In my mind’s eye, a thread lit up on the lattice—bright, pulsing, running from Parish 7-F’s node-cluster toward a distant, heavier knot of script.
—They’ll move you through Harmonization relays, Kade said. Not physically jumping you, not yet. Convoys, doctrine-sealed transports, layered wards. But every stop will be a point where they hand you between systems. And every hand-off is a moment something can go wrong.
“Wrong how?”
—Wrong as in… choices, Kade said. Divergence. Crown hates them. Echo loves them. I recommend you learn to enjoy them.
The thread flared once more and dimmed.
—Clock’s ticking, node R-01. First bell isn’t far. Try not to let them lobotomize you before you get somewhere interesting.
The connection snapped.
I opened my eyes.
The yard returned, harsh and solid. Ardan was watching me, expression caught between suspicion and resignation.
“Bridge contact?” he asked.
“Maybe,” I said.
He grimaced.
“We have one night,” he said. “One small window before the Crown clamps down completely. If there is any… adjustment… we can make to the board before then, it has to be done carefully.”
“Define carefully,” I said.
Before he could answer, a shout cut across the yard.
We both turned.
A pair of ward-guards at the boundary were wrestling with someone—a broad-shouldered dock worker in stained overalls, eyes wide, breath coming in harsh bursts. He’d gotten one arm past the ward-line and was reaching toward me like he meant to rip my head off with his bare hands.
“I saw him!” the man was yelling. “I saw him on the overlay! The Enemy walks, they said! Merit for cleansing, they said! You’re just letting him sit there?”
The ward-mesh sparked as he pressed against it. Doctrine flared bright along the lines, repelling him. He howled and pushed harder.
“Let me through! I’ll do it! I’ll cleanse him myself!”
[CITIZEN HARMONIZATION: HIGH]
[Quest Response: OVER-COMMITTED]
[Behavior: USEFUL / UNSTABLE]
Ardan swore under his breath and strode toward the boundary.
“Stand down,” he snapped at the guards. “Restrain him. Do not discharge lethal force inside the quarantine perimeter.”
They grappled the dock worker back from the ward, heaving him to the ground and slapping doctrine restraints on his wrists. He fought like a man drowning, screaming curses and half-remembered catechism.
“Blasphemer! Heretic! Enemy of—”
He cut off with a choked sound as one of the guards slammed a gag charm over his mouth. The script flared, muffling his words into a low, frustrated whine.
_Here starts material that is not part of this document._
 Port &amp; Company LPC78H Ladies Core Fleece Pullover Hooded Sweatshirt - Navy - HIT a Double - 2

Ardan watched for a moment, then turned back to me.
“That,” he said, “is what they will keep doing. Turning people around you into weapons. For or against. It doesn’t matter, as long as they move according to the script.”
“Then maybe we should stop playing by it,” I said.
His eyes met mine.
For the first time since the gallows, I saw something raw there. Not faith. Not simple doubt. Something like a man realizing that the ceiling he’d been praying to was actually the underside of a floor—and something ugly was pacing on it.
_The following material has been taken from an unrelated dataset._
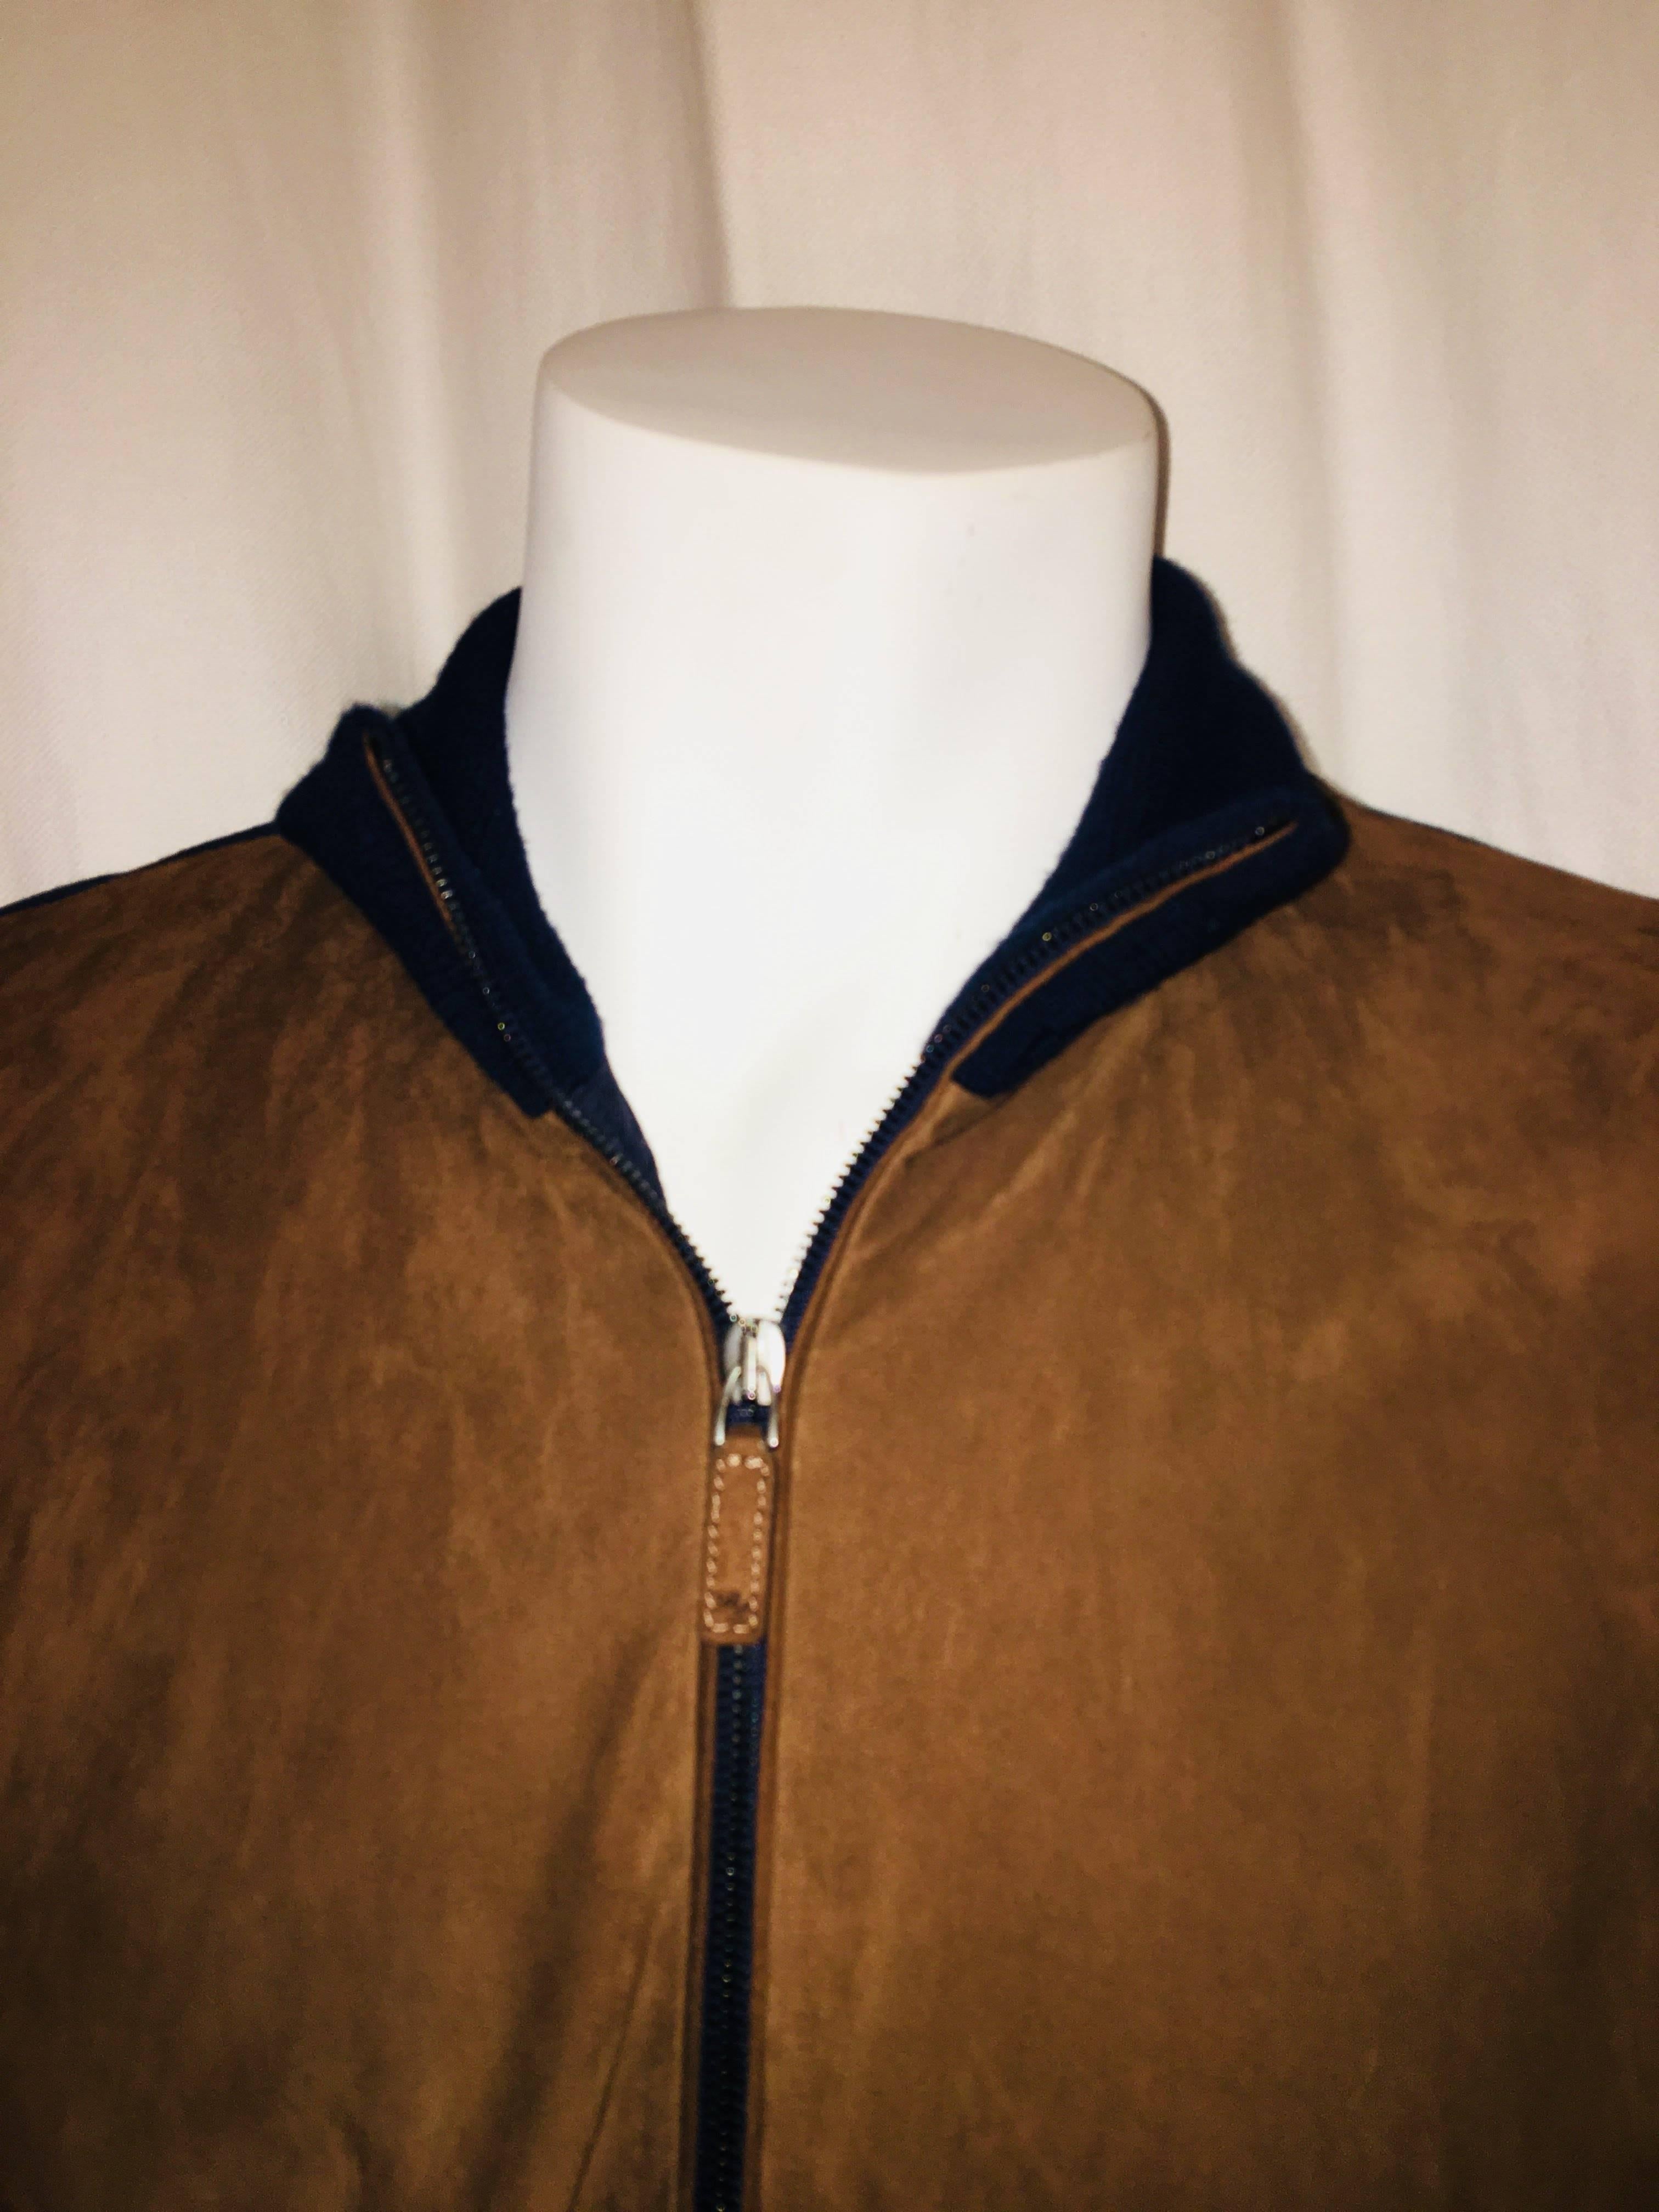 Ralph Lauren Brown Leather Panel Jacket, Zip up with Navy Color Block Sleeves and Zip Pockets.

“One night,” he repeated. “That’s all we have.”
He turned away, barking orders to the ward-keepers, voice snapping back into Justiciar command mode.
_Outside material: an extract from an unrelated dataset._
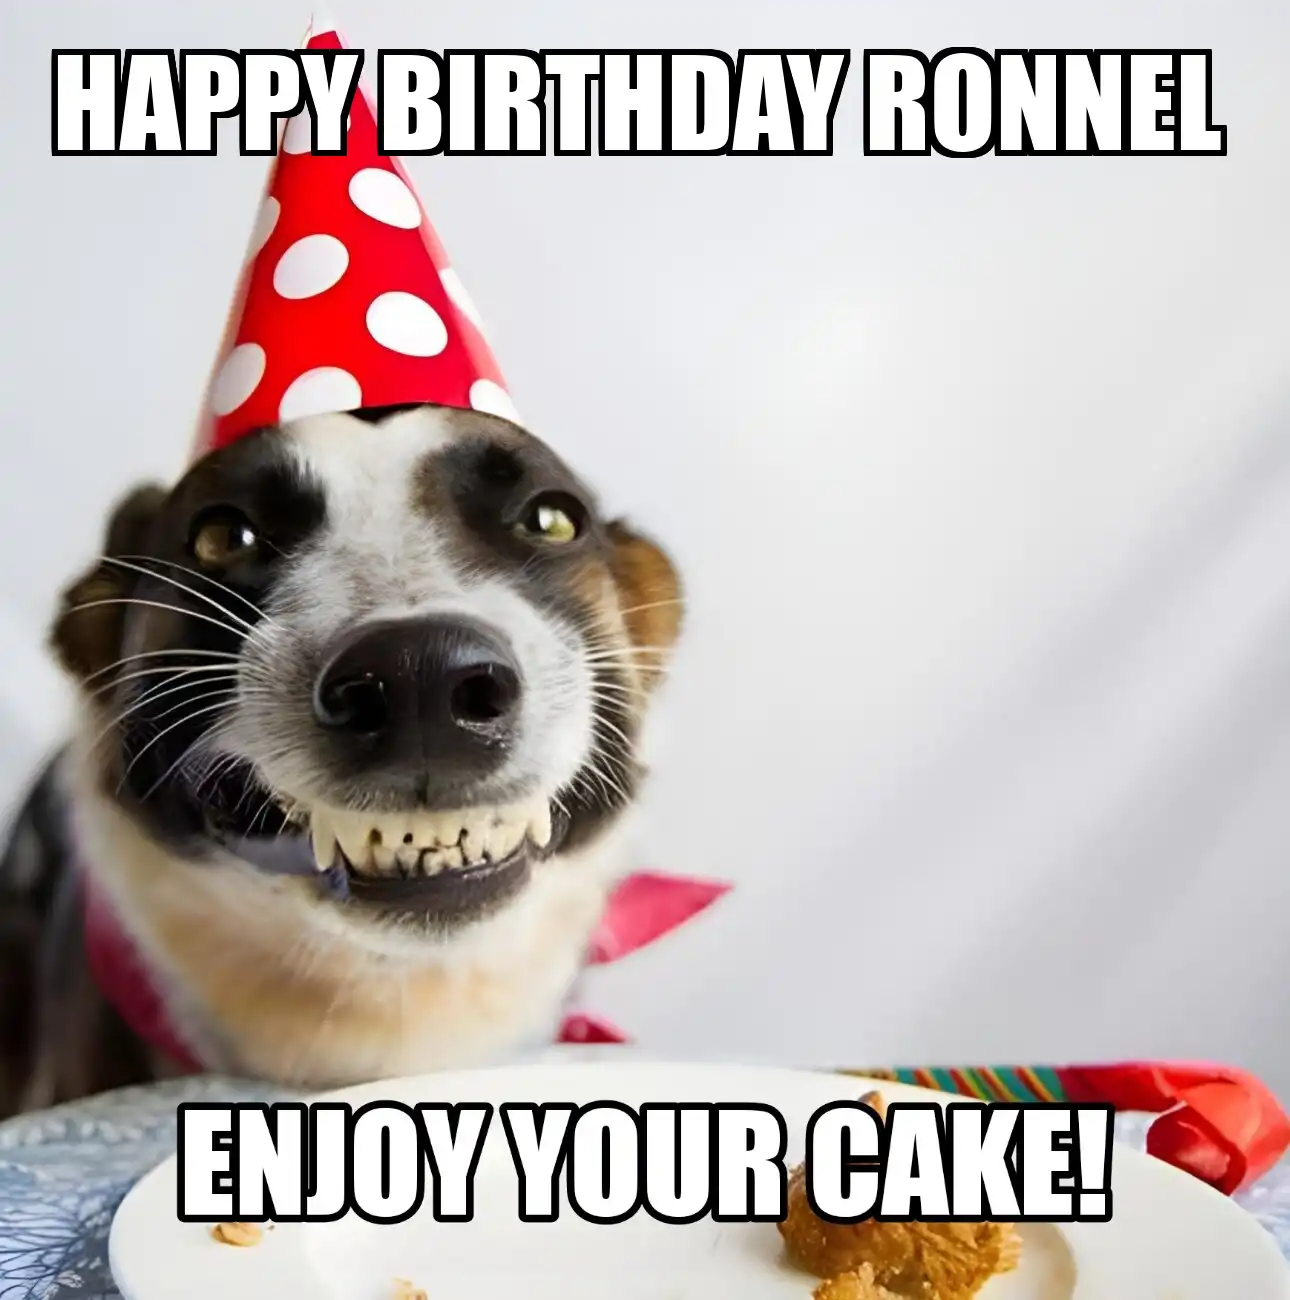 Happy Birthday Ronnel Enjoy Your Cake Dog Meme

I looked up at the quarantine boundary, at the faint glyphs of the Crown marker, at the invisible line between “inside the script” and “potential divergence”.
Echo’s presence curled warm and dangerous around my bones.
[Event Flag: PRE-EXTRACTION PHASE]
[Prediction: HIGH-IMPACT CHOICE INCOMING]
The Timer ticked once, hard enough to feel.
[CROWN TRANSFER: SCHEDULED – FIRST BELL]
[OUTCOME SPACE: UNSTABLE]
One night.
One yard.
One shot to decide whether I arrived at the Crown’s doorstep as a specimen… or as a problem it couldn’t easily catalog.